Data Start Marker

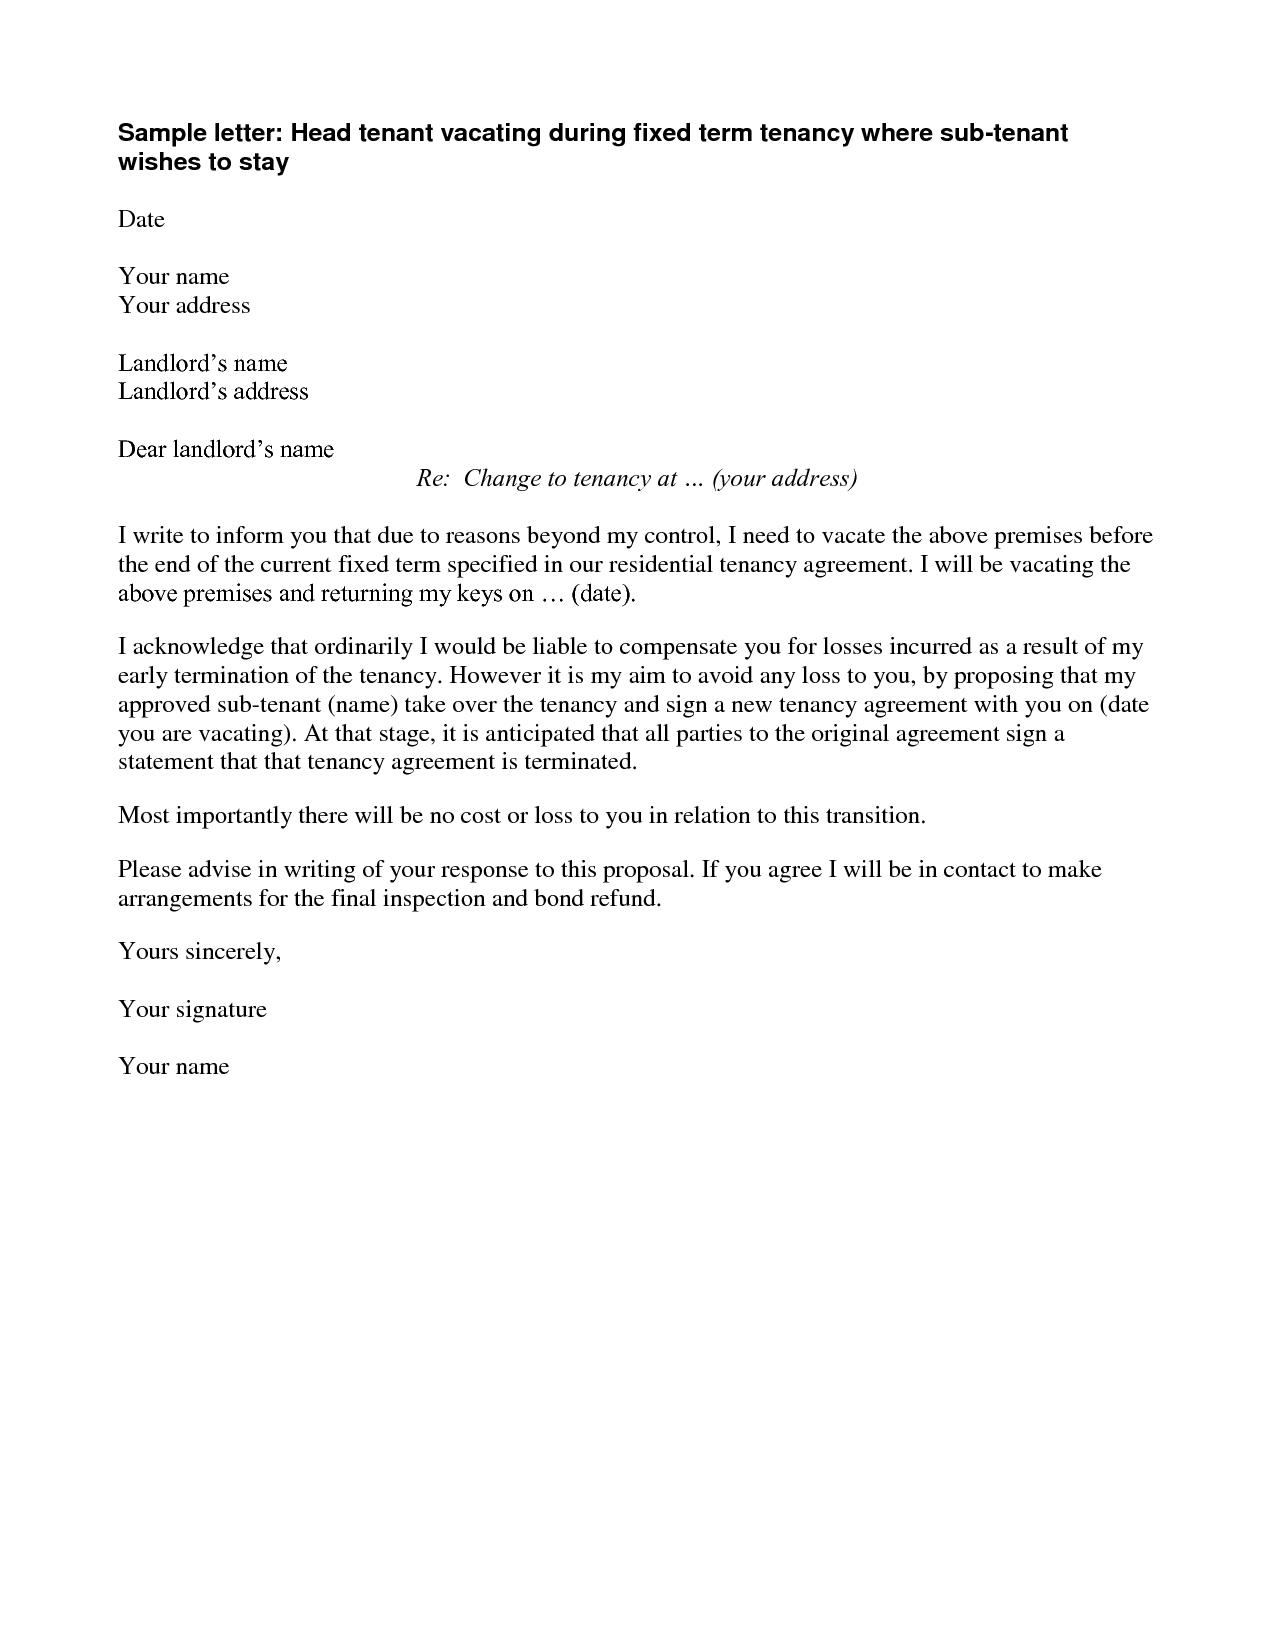 Terminate Business Relationship Letter Sample
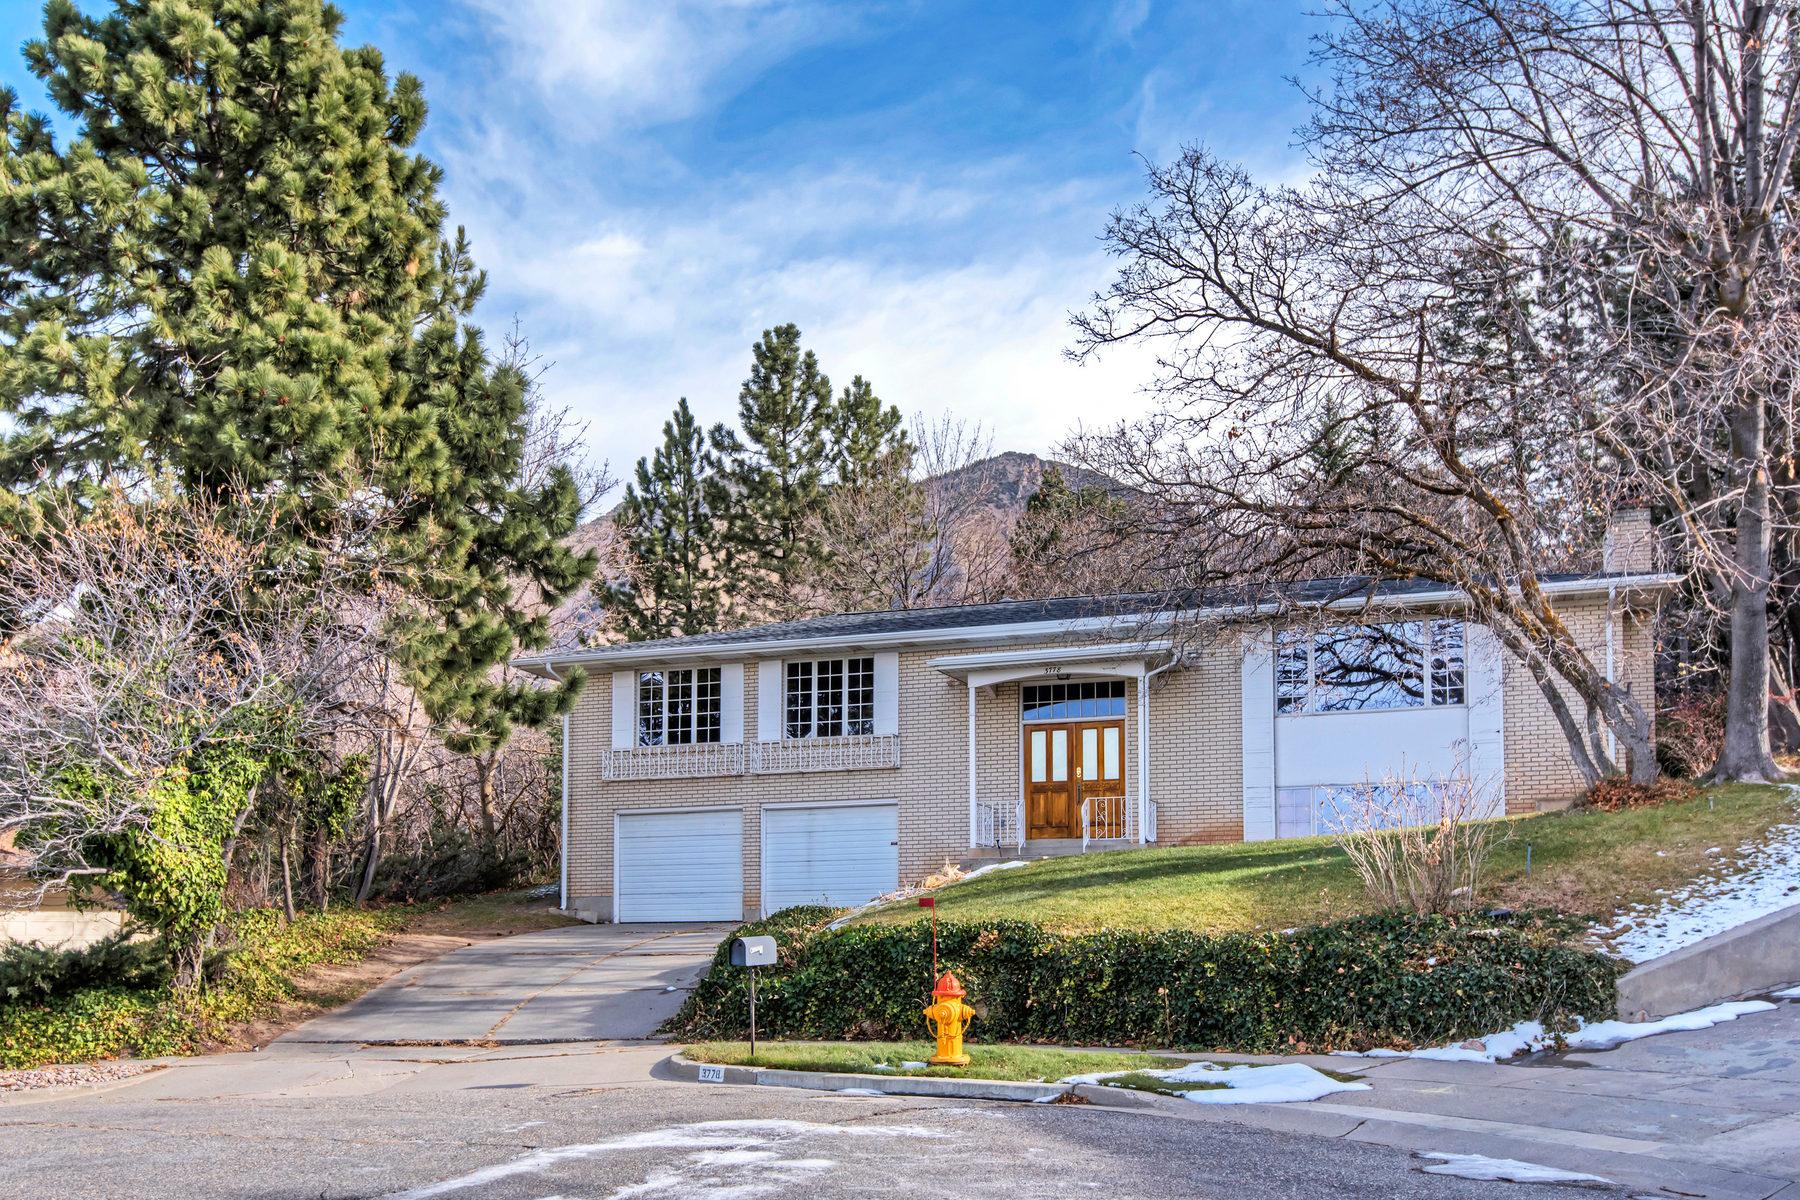 Single Family Home for Sale at Mt Olympus Living 3778 E Eastcliff Cir Salt Lake City, Utah 84124 United States
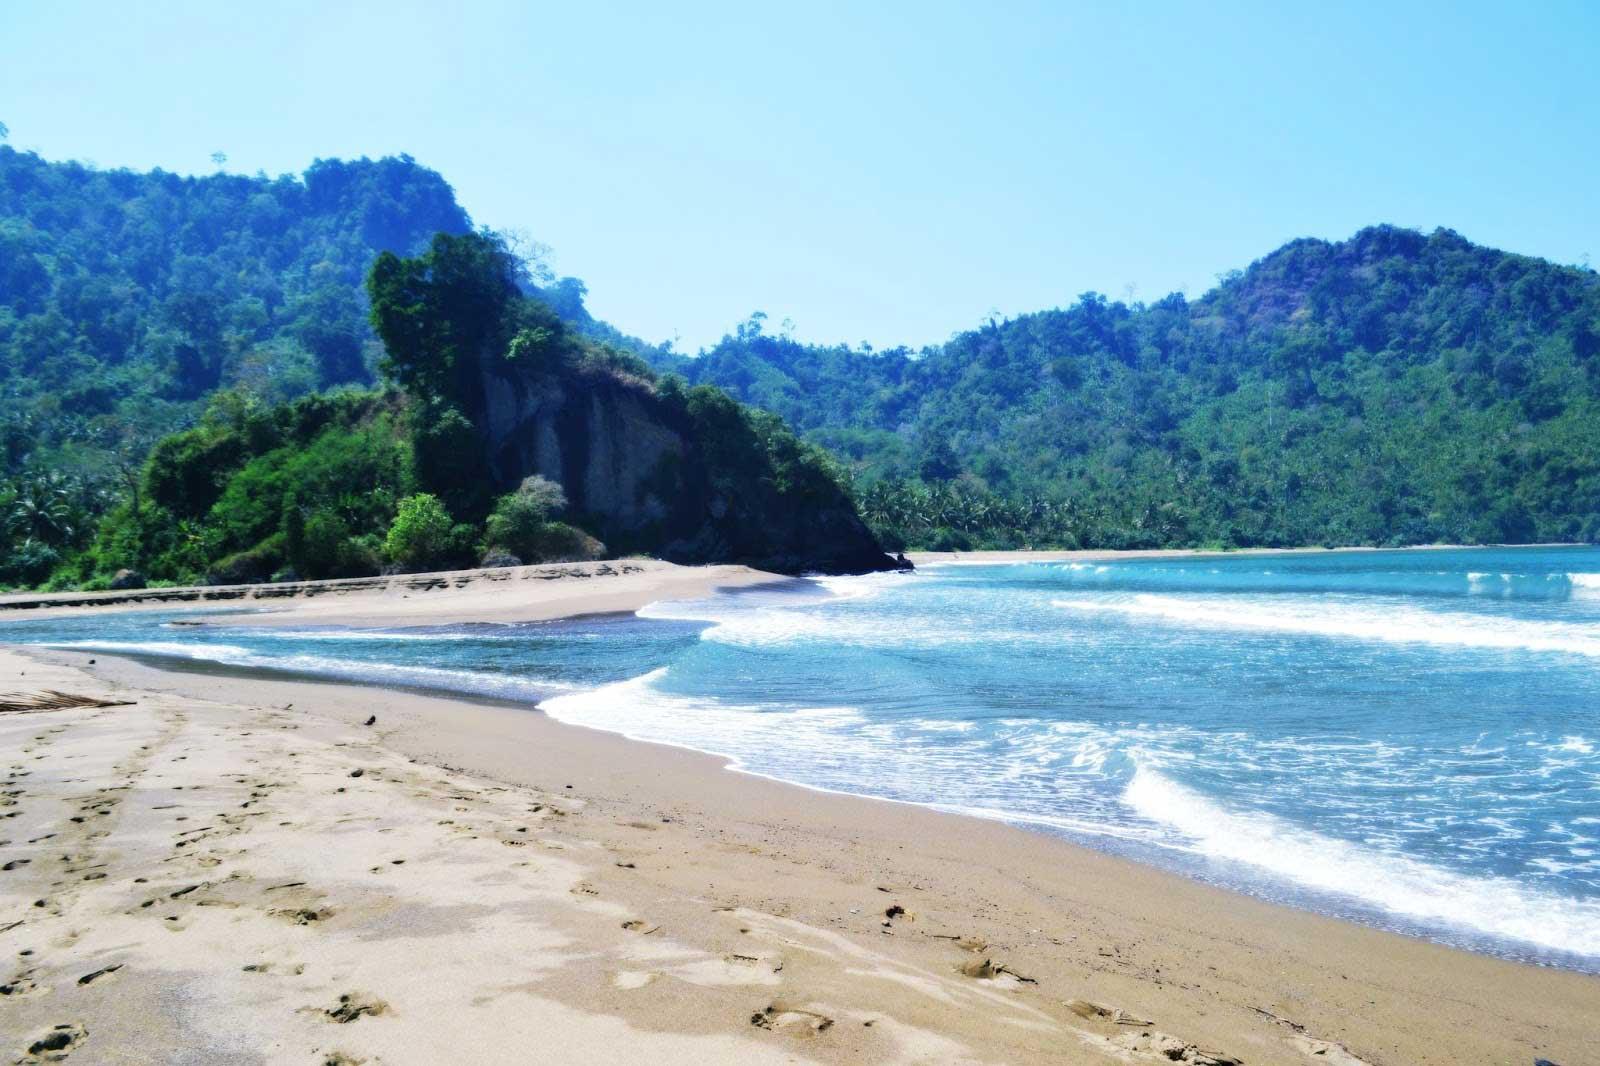 Tempat Wisata di Malang - Pantai Sipelot

Data End Marker

## Problem to work on
Transcribe the listing above verbatim. Omit the pictures.

## Answer to the problem
 Terminate Business Relationship Letter Sample
 Single Family Home for Sale at Mt Olympus Living 3778 E Eastcliff Cir Salt Lake City, Utah 84124 United States
 Tempat Wisata di Malang - Pantai Sipelot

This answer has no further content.